If you’ve planted or plan to plant any new trees and shrubs this year, you will need to water them until they are established (for about two years). They need to be watered deeply so that the soil directly underneath and the rootball are completely soaked. You can check if you’re watering deeply enough by digging a small hole after watering.
It should be moist at least 6 inches down. A two to three inch layer of mulch would aid in helping to trap moisture. If you decide to mulch, keep it away from the trunk.
When the blooms have died off, the following can be pruned: irises, roses, lilacs, azaleas, forsythias, Japanese kerrias, weigelas, deutzias, mockoranges, St. John’s worts, viburnums, wysterias, redtwig dogwoods, and yellowtwig dogwoods.
After spending all of that time in the garden, consider taking time to plan where you’d like to plant fall bulbs and perennials. Then, when the time comes to get those plants, you’ll have a plan and a shopping list ready to go.
In The House
Stay vigilant with monitoring for pests such as mealybugs and fungus gnats. If you see something unusual appearing on your houseplants, come get some Insecticidal Soap or Neem Oil in our greenhouse. Apply on affected plants once a week for at least three weeks.
If you’re going away for vacation this summer for more than one week, consider having a friend water and check on your plants.

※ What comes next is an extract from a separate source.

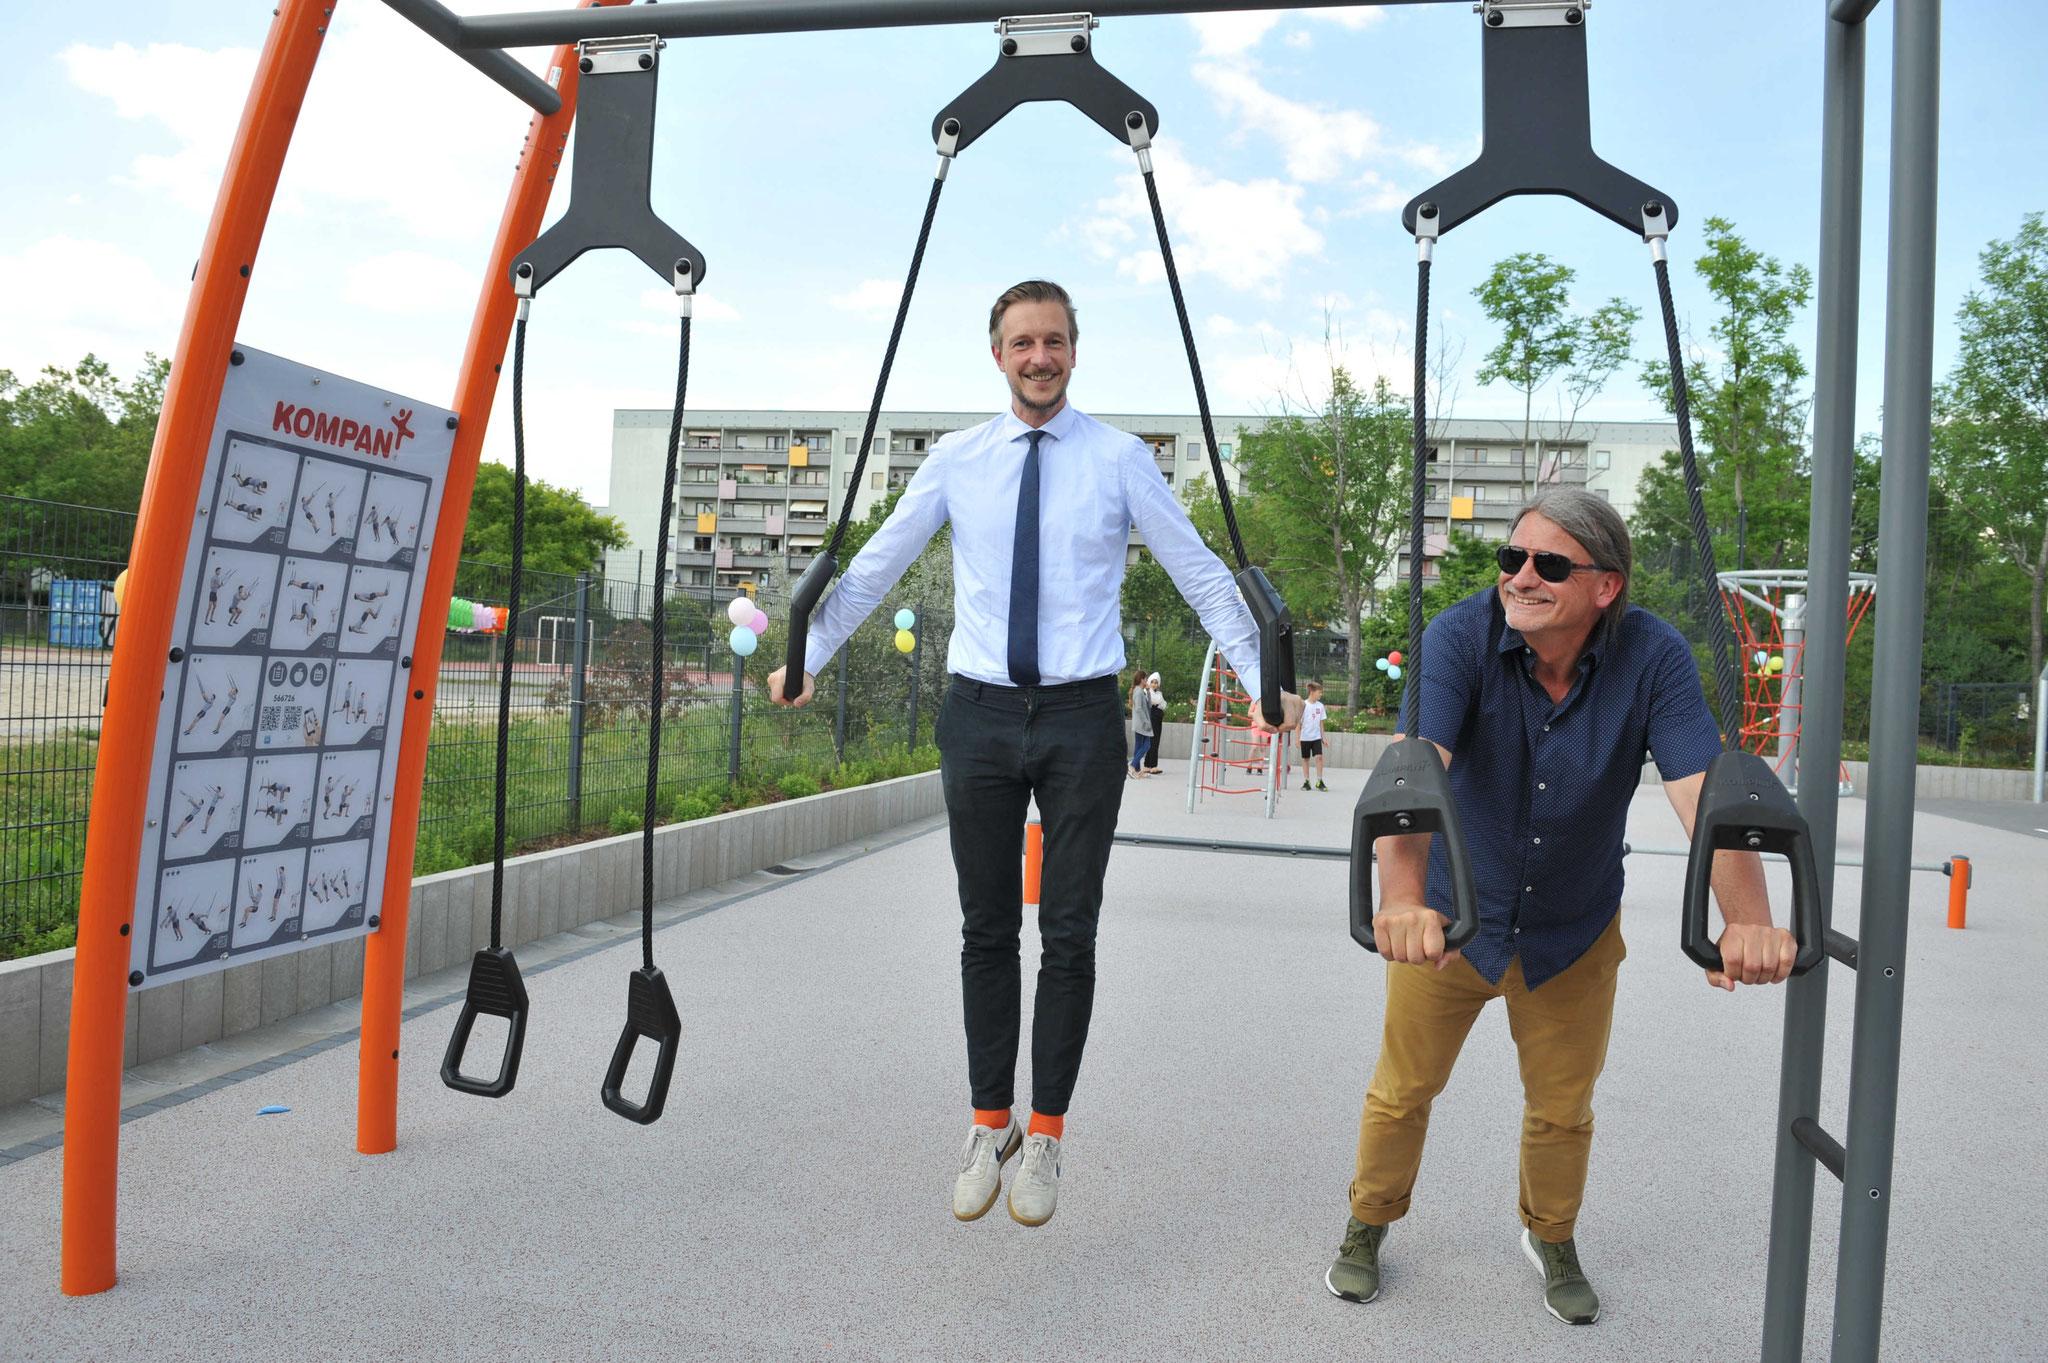 Auch die großen Jungs hatten ihren Spaß: Gordon Lemm und Jugendamtsleiter Heiko Tille. © pressefoto-uhlemann.de
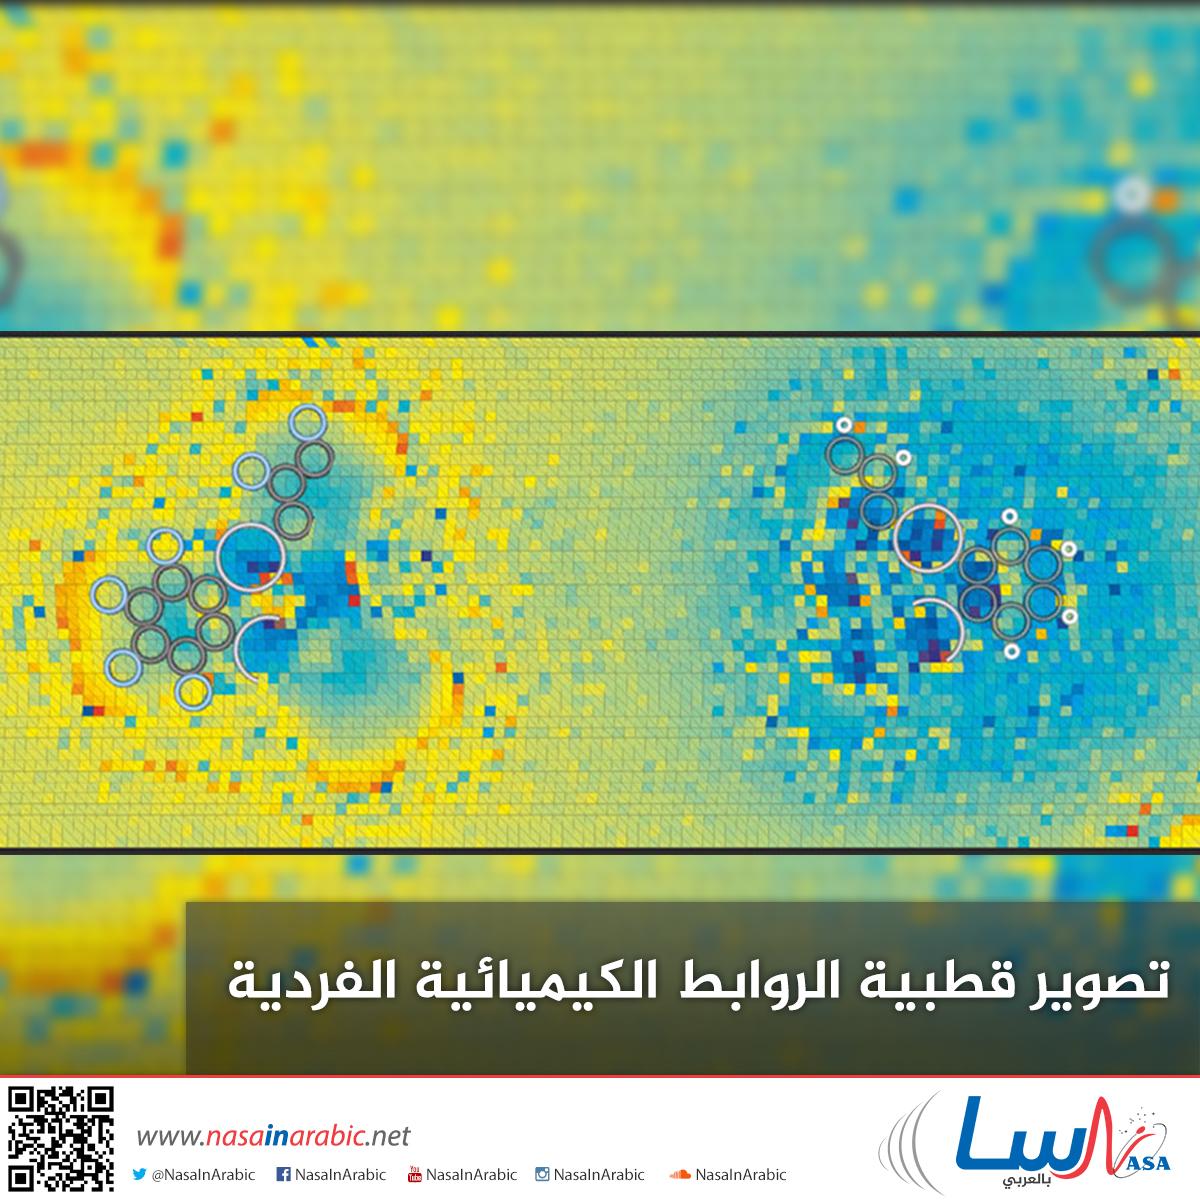 تصوير قطبية الروابط الكيميائية الفردية

Yes, we should make sure our pets are taken care of when we’re going away, but we have to remember plants are alive and need care, too.
Don’t forget to rotate your plants every so often so that they don’t grow completely lopsided, especially if you have limited light in your space. And keep your drip trays and saucers empty.
You don’t want your plants sitting in what’s leftover for the next week or so. Excess and unnecessary water has the potential to cause root rot if a plant sits in it for too long.
If you’re prone to overwatering, I highly recommend getting yourself a moisture meter. We have them available in our Plant Barn. A moisture meter can go deeper into a pot than our fingertips can reach, and they have the ability to show us if there’s moisture at the bottom of a pot.
Remember, plants have sensitivities to the sun just like we do. So, if any of your plants show signs of sun burning or scorching, move it away from the window into a place where it will get less direct sun.
And finally if you’re wanting to move your plants outside and have yet to do so, you need to acclimate them slowly.
They need time to adjust to the conditions comfortably, otherwise you may risk shocking them depending on how sensitive they are.
Happy gardening & happy summer!
(Editor’s Note: Ken Morgan is the owner of Robin’s Nest Floral and Garden Center in Easton, Md.)